PROBLEM TO WORK ON » Transcribe the listing below exactly, leaving out each image.

INFORMATION SHOWN »
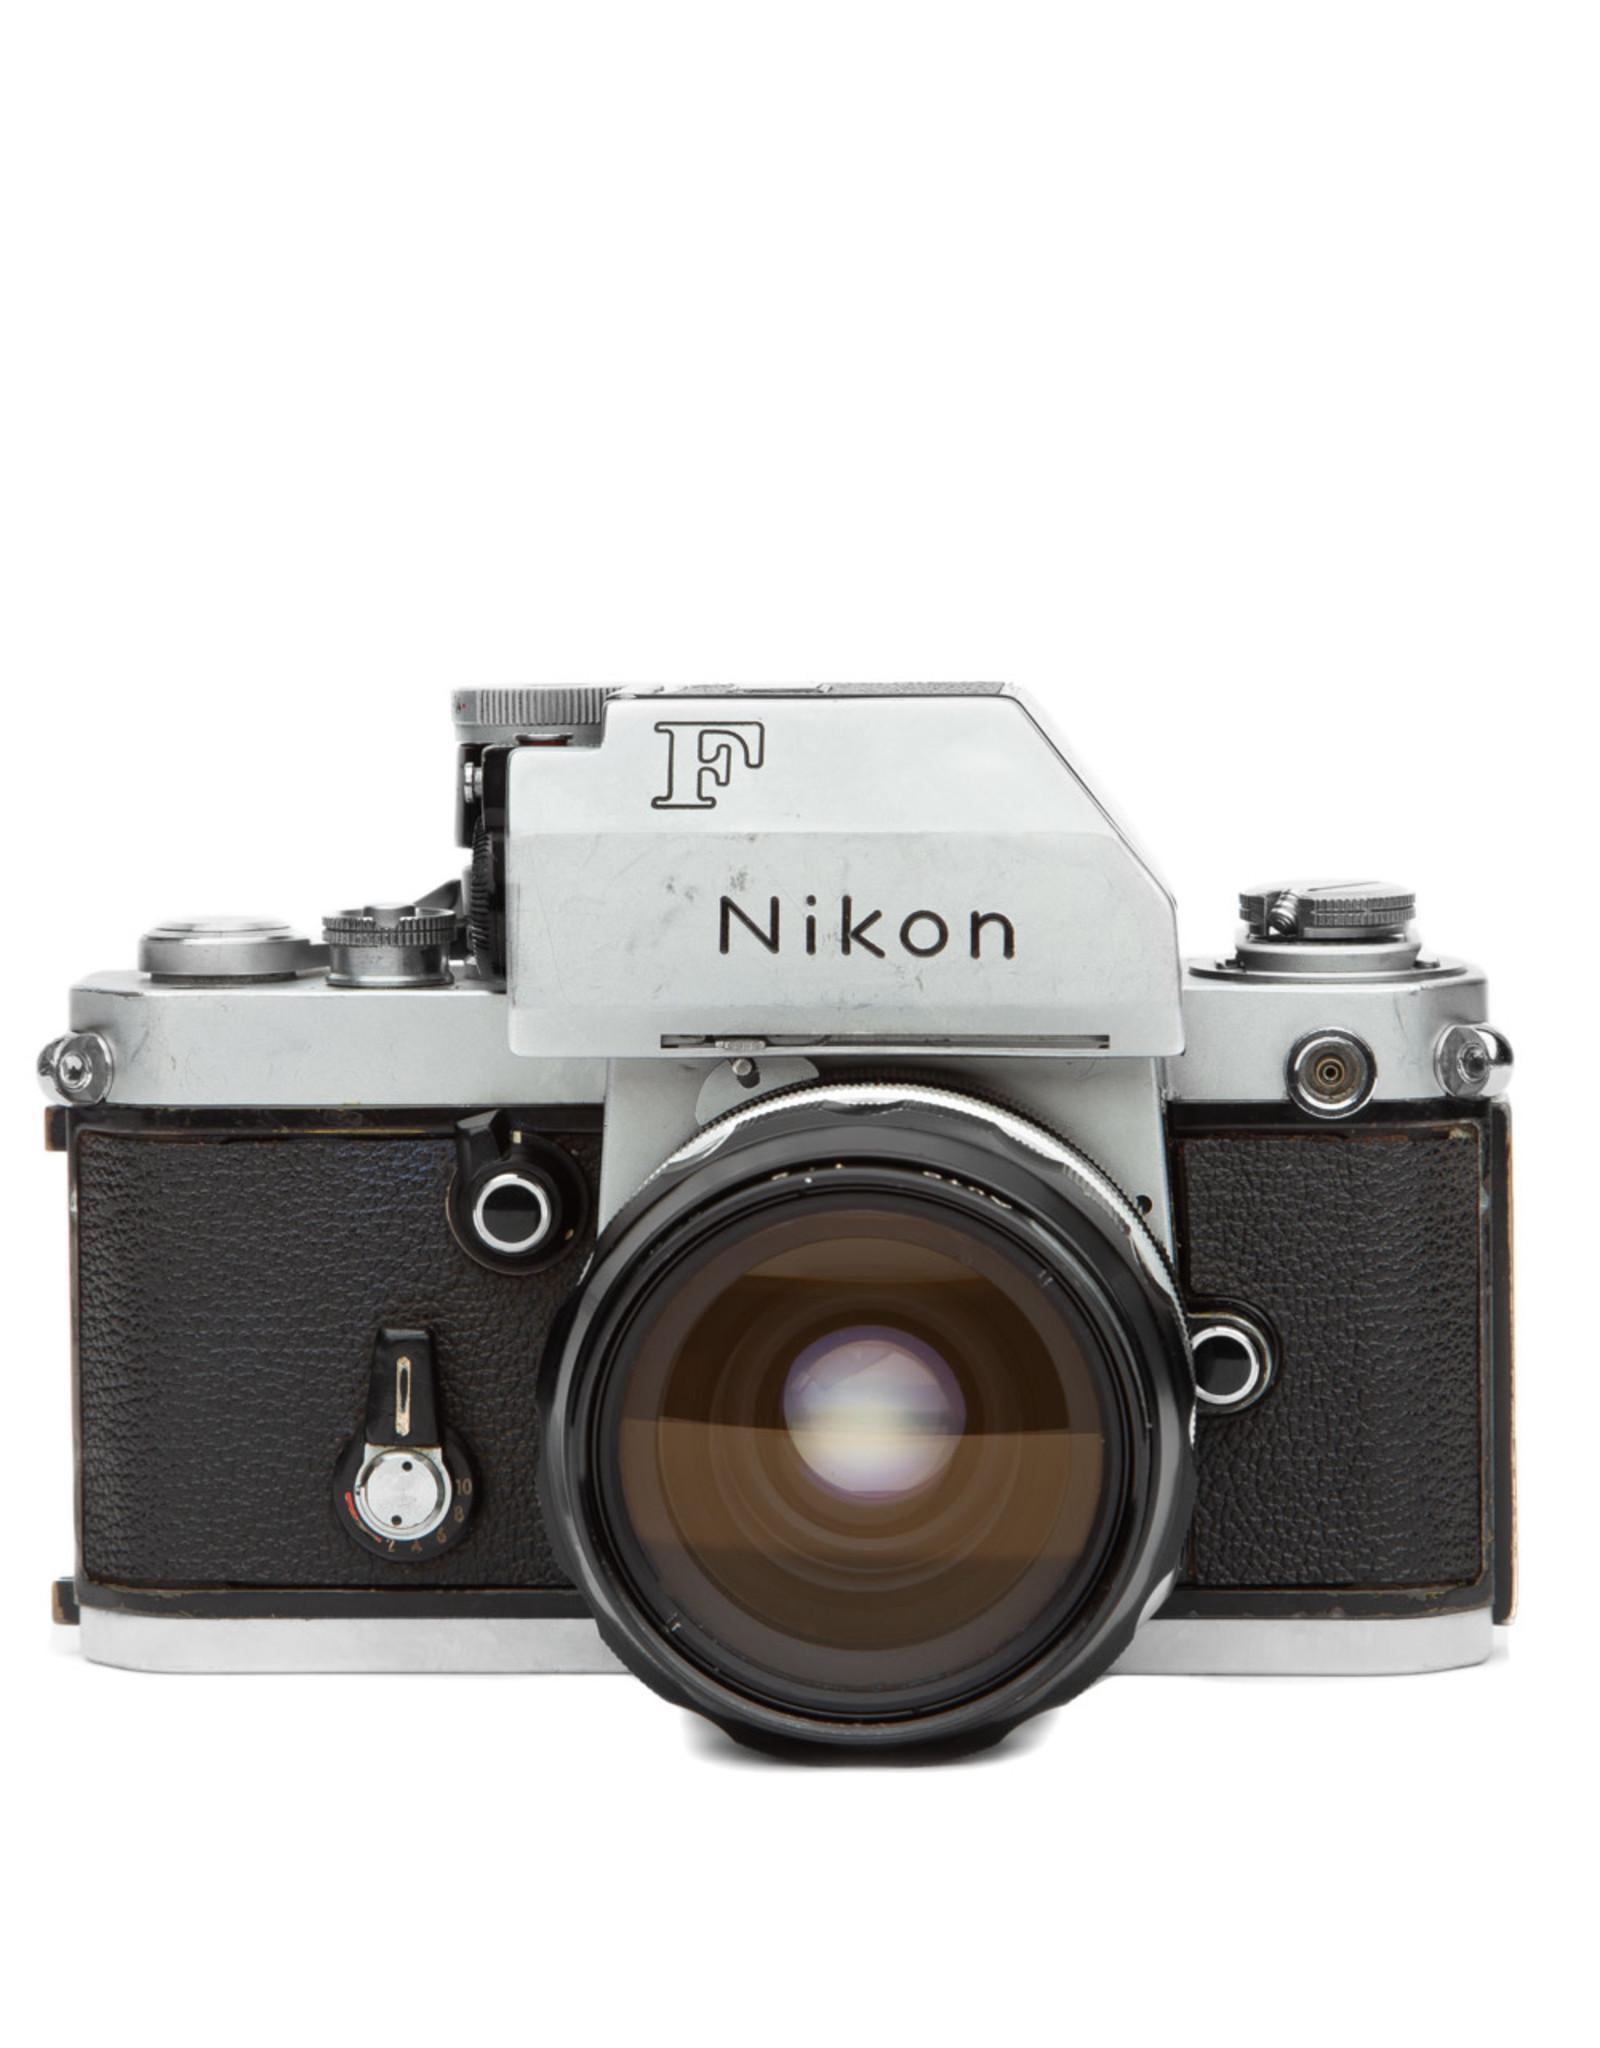 Nikon Nikon F2 35mm SLR Camera Body (silver) w/35 f2
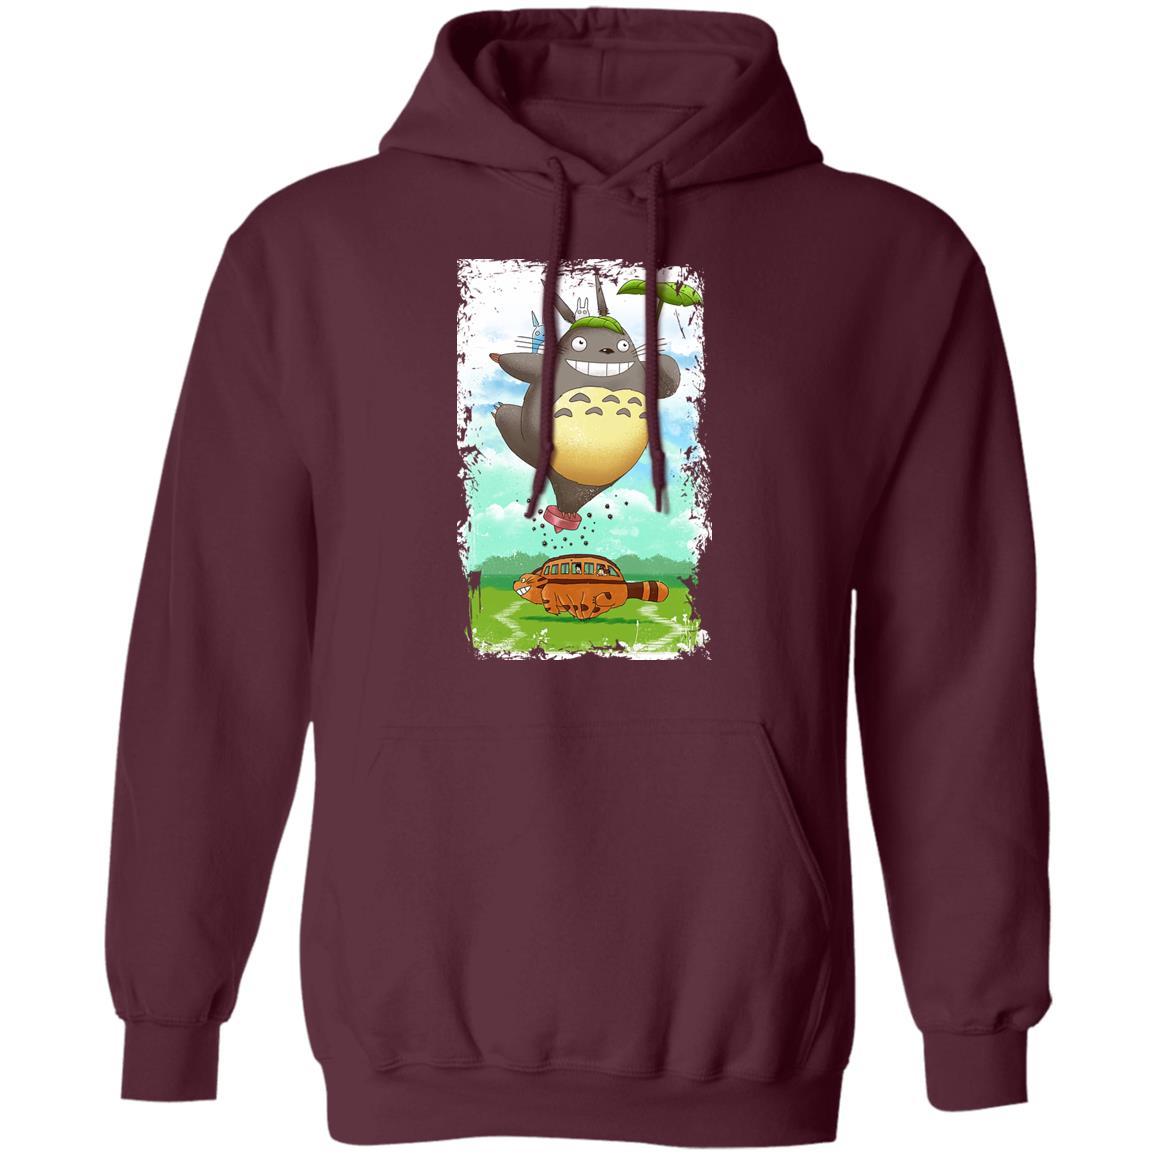 Totoro the Funny Neighbor Hoodie
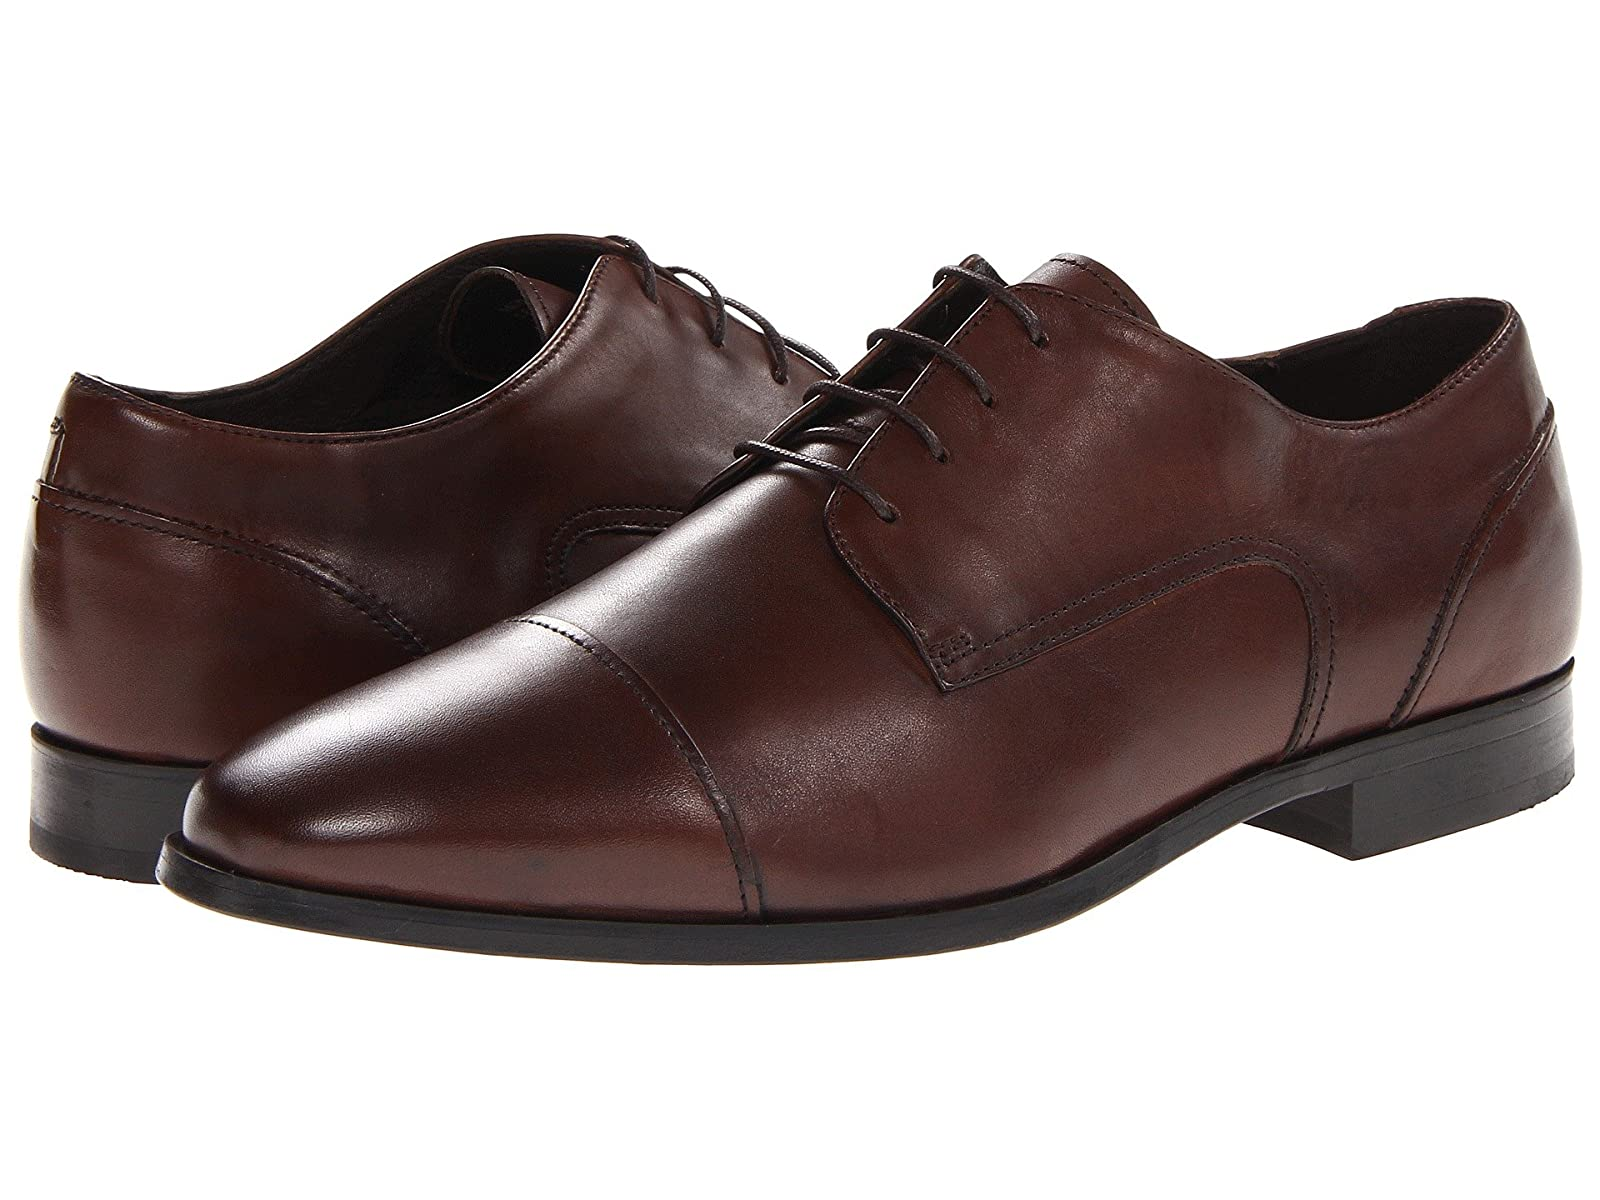 Florsheim Jet Cap Toe OxfordAtmospheric grades have affordable shoes
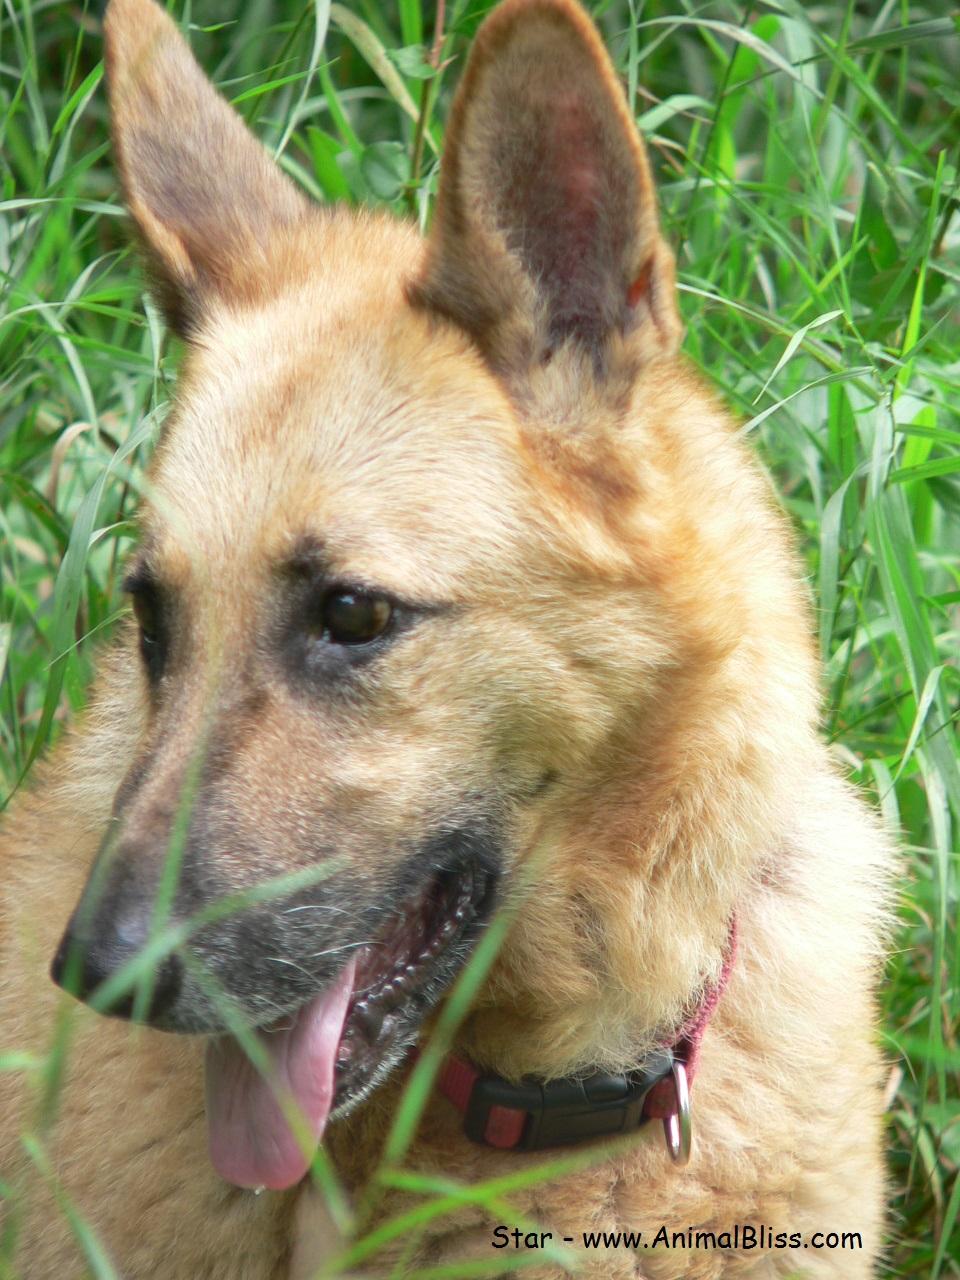 Canine Osteosarcoma : Bone Cancer in Dogs

EXERCISE OUTPUT »
 Nikon Nikon F2 35mm SLR Camera Body (silver) w/35 f2
 Totoro the Funny Neighbor Hoodie
 Florsheim Jet Cap Toe OxfordAtmospheric grades have affordable shoes
 Canine Osteosarcoma : Bone Cancer in Dogs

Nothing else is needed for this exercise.